Within the wasm-bindgen library there are probably better alternatives:

Additional Context

Since the macro solution can be implemented as a library, it may be possible to provide full code (or a release) on request.

Liamolucko commented 1 year ago

wasm-bindgen should only require struct fields to be sendable to JS if they're public. If JS doesn't actually need access to a field, you can disable exposing it to JS by either making it private or adding #[wasm_bindgen(skip)] to the field, e.g.:

#[wasm_bindgen]
pub struct Connector {
    #[wasm_bindgen(skip)]
    pub hidden: Box<dyn Display>,
}

// or

#[wasm_bindgen]
pub struct Connector {
    // note the lack of `pub`
    hidden: Box<dyn Display>,
}
HeroicKatora commented 1 year ago

Generally I'm more comfortable with having a type here instead of needing to tag each usage site with an attribute. Nevertheless, a wrapper with the attribute is probably also possible.

It doesn't fully address the problem, however. As far as I understand, values of type Connector will stay within the wbindgen heap when they are operated on (returned, used as parameters). Can this indirection be avoided? Since the same is not true when returning values of type String or some known box types for instance. In a sense, it would seem that some wasm-bindgen generated values are already allocated into a stack, so it would make sense to me if it were possible to just change where it is allocated in particular if the allocator is the global one. That would avoid having to move the value from one heap/stack to another when taking it by value, too.

But depending on that answer, should this issue also be changed to a documentation tag? There's no mention how skip influences the requirements that are calculated, and the error message when missing the annotation suggests the ABI may be involved. How exactly does this work anyways.

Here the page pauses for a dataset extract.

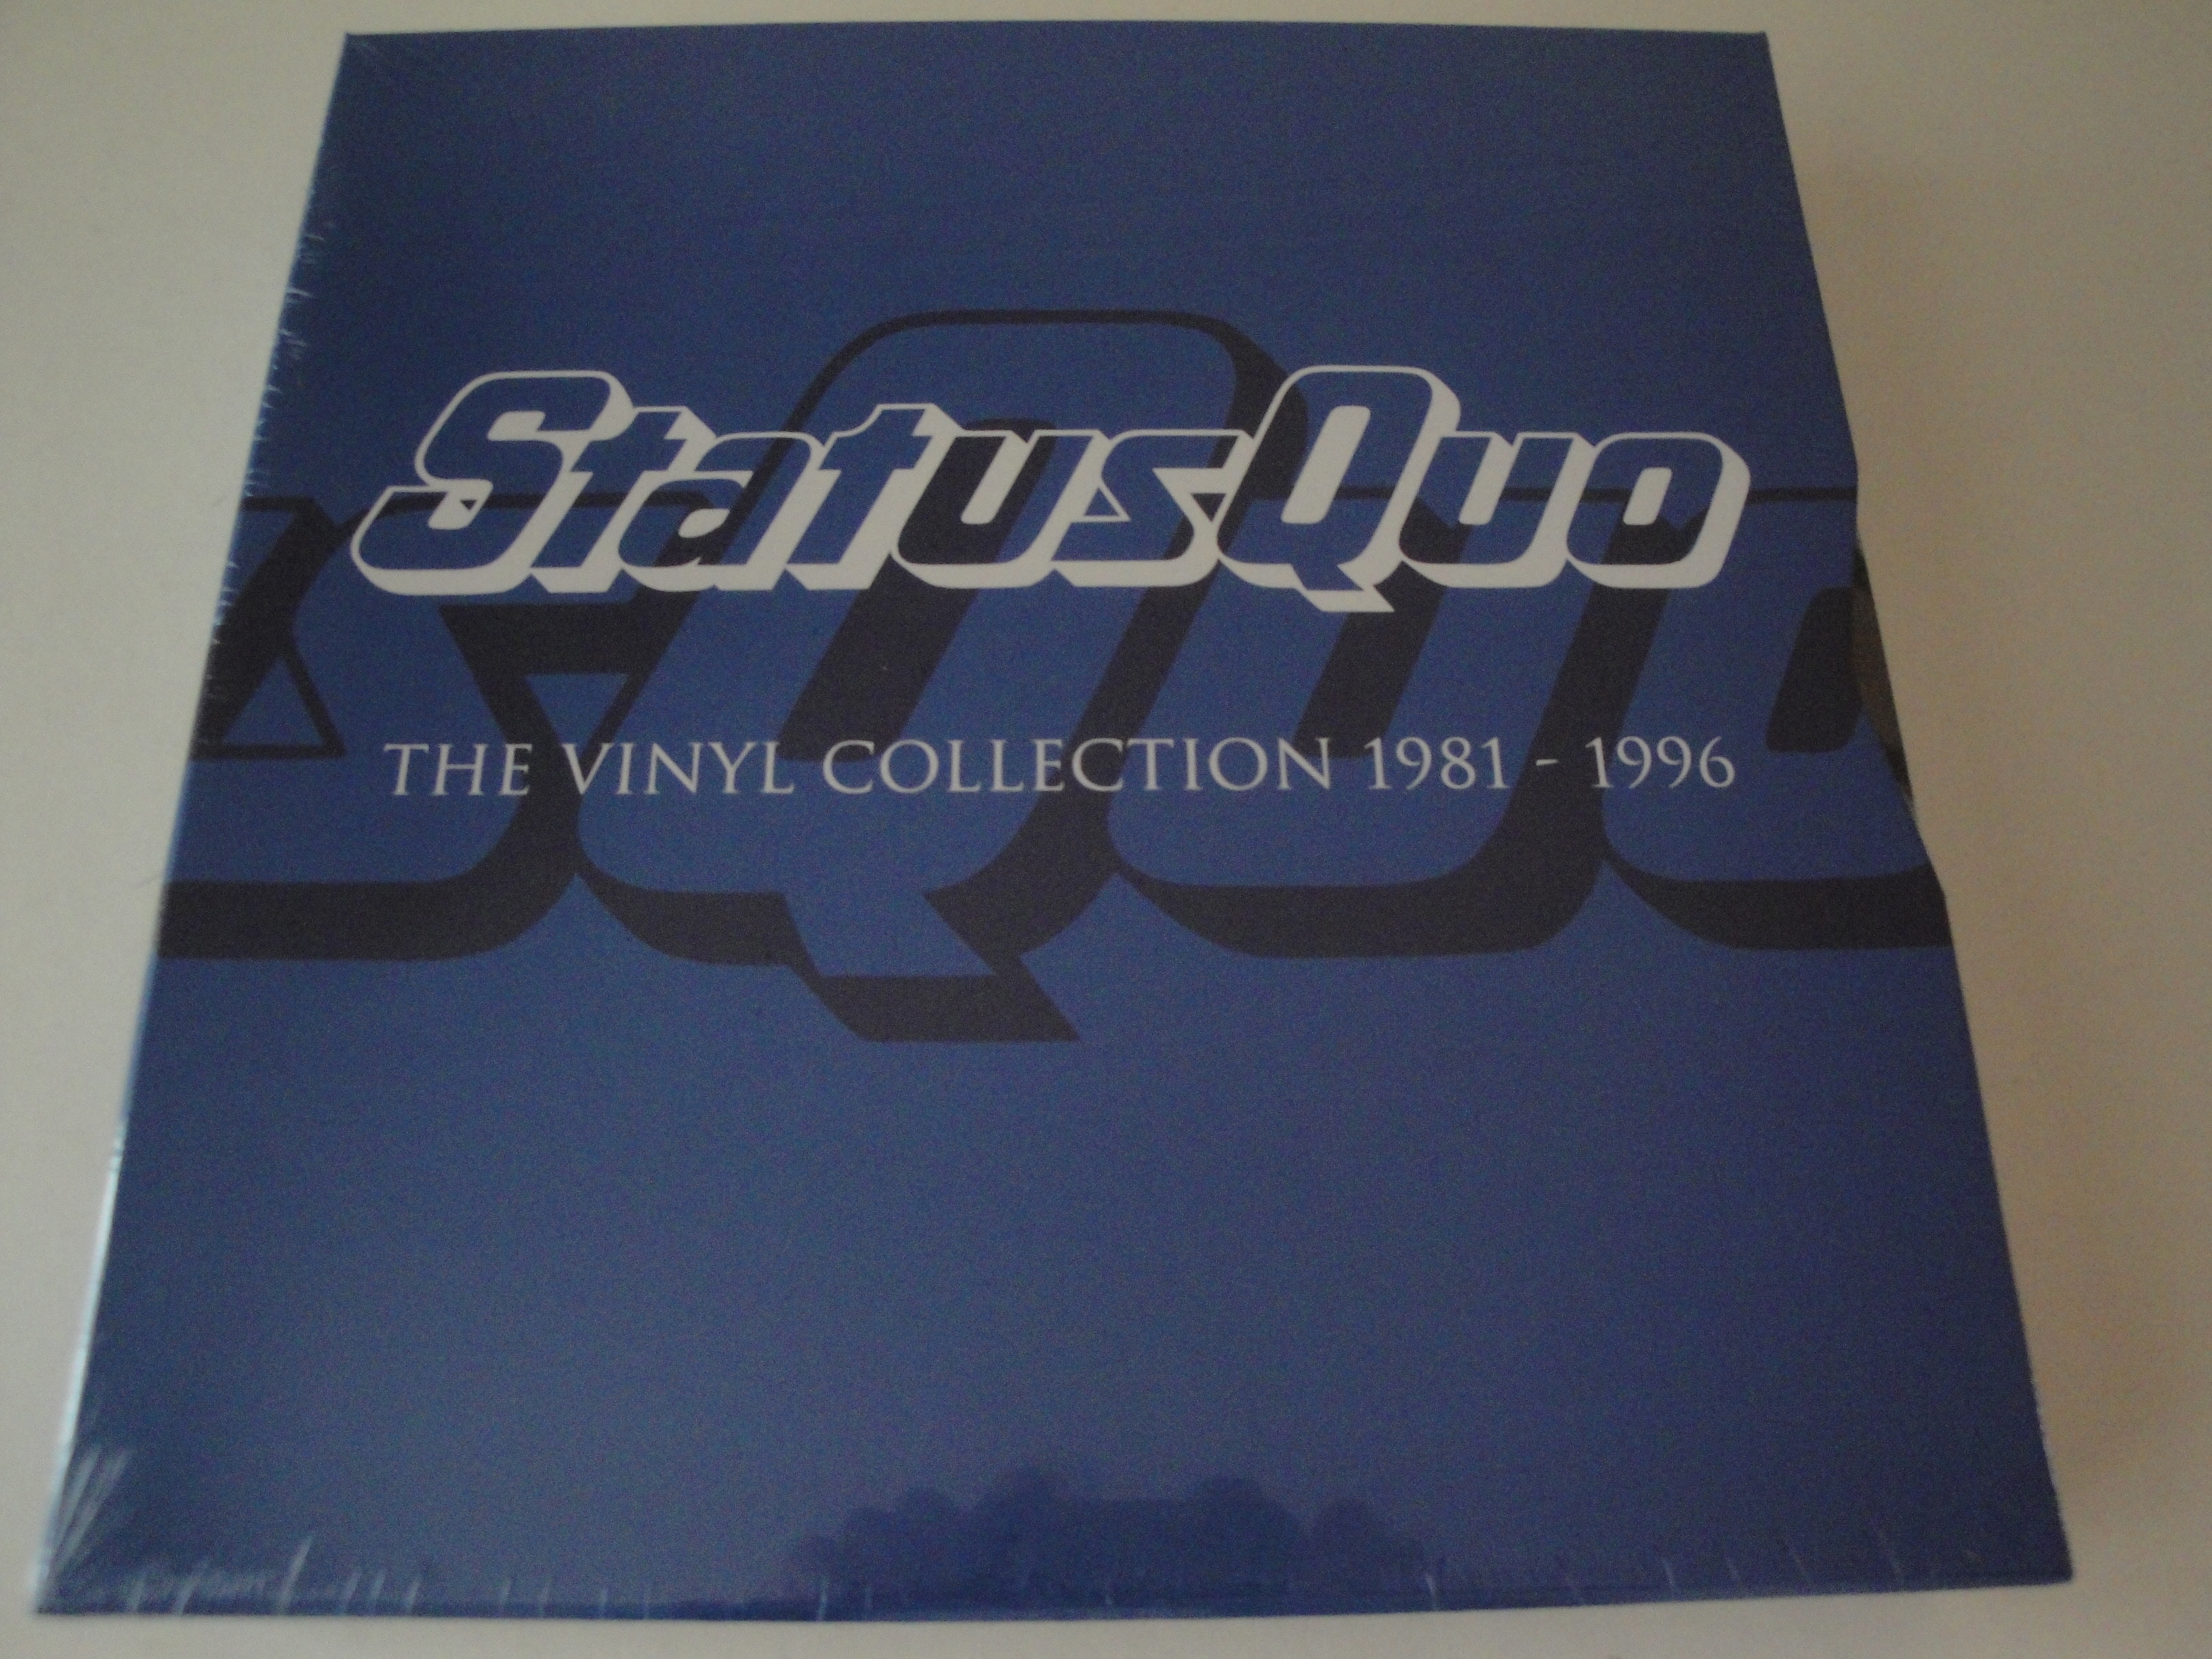 The Vinyl Collection 1981- 1996

The error message without the attribute suggests, that each attribute must individually be sendable via the ABI. I don't know how feasible it is to improve the error message if the attribute is 'forgotten'.

error[E0277]: the trait bound `Box<(dyn std::fmt::Display + 'static)>: IntoWasmAbi` is not satisfied
 --> src/lib.rs:8:1
  |
8 | #[wasm_bindgen]
  | ^^^^^^^^^^^^^^^ the trait `IntoWasmAbi` is not implemented for `Box<(dyn std::fmt::Display + 'static)>`
Liamolucko commented 1 year ago

It doesn't fully address the problem, however. As far as I understand, values of type Connector will stay within the wbindgen heap when they are operated on (returned, used as parameters). Can this indirection be avoided?

Not really. You could theoretically take all the object's state from Rust's memory and put it in a JS object, but that would mean having to copy it back again every time you want to call a method, since Rust can only operate on things inside its own memory. So, it'd be far less efficient.

You might be thinking of the other 'heap' used by wasm-bindgen, which stores JS values that have been passed to Rust. But that isn't even involved when using Rust values passed to JS.

HeroicKatora commented 1 year ago

When returning a Rust value whose type has #[wasm_bindgen] annotation on it, where is that value stored? As far as I can tell the representation on Js side ends up being pretty much: {ptr:usize}. Maybe this isn't always the case but the mechanism here is not really known to me. To the best of my reading of code this behavior is controlled mainly by IntoWasmAbi.

In effect, I'd like to take a Box's allocation directly and move the resulting pointer of it directly into ptr. (This seems similar to the ownership passing of JsValue). Even better would be more control, i.e. passing a fat pointer as a Js object with two pointer-sized attributes could still sometimes be preferrable over the indirection, yet I totally understand that changing the ABI types is much more complicated. A Box<T> or equivalent wrapper would not require such a change.

In the above, the extra complexity via Connector wrapper is not actually desirable. If possible, passing only the opaqued boxed attribute value via transferring its pointer over ABI would be better. Yet the structure is necessary to tag a field with the proc-macro (even though I misunderstood the need for a custom privacy macro, it seems).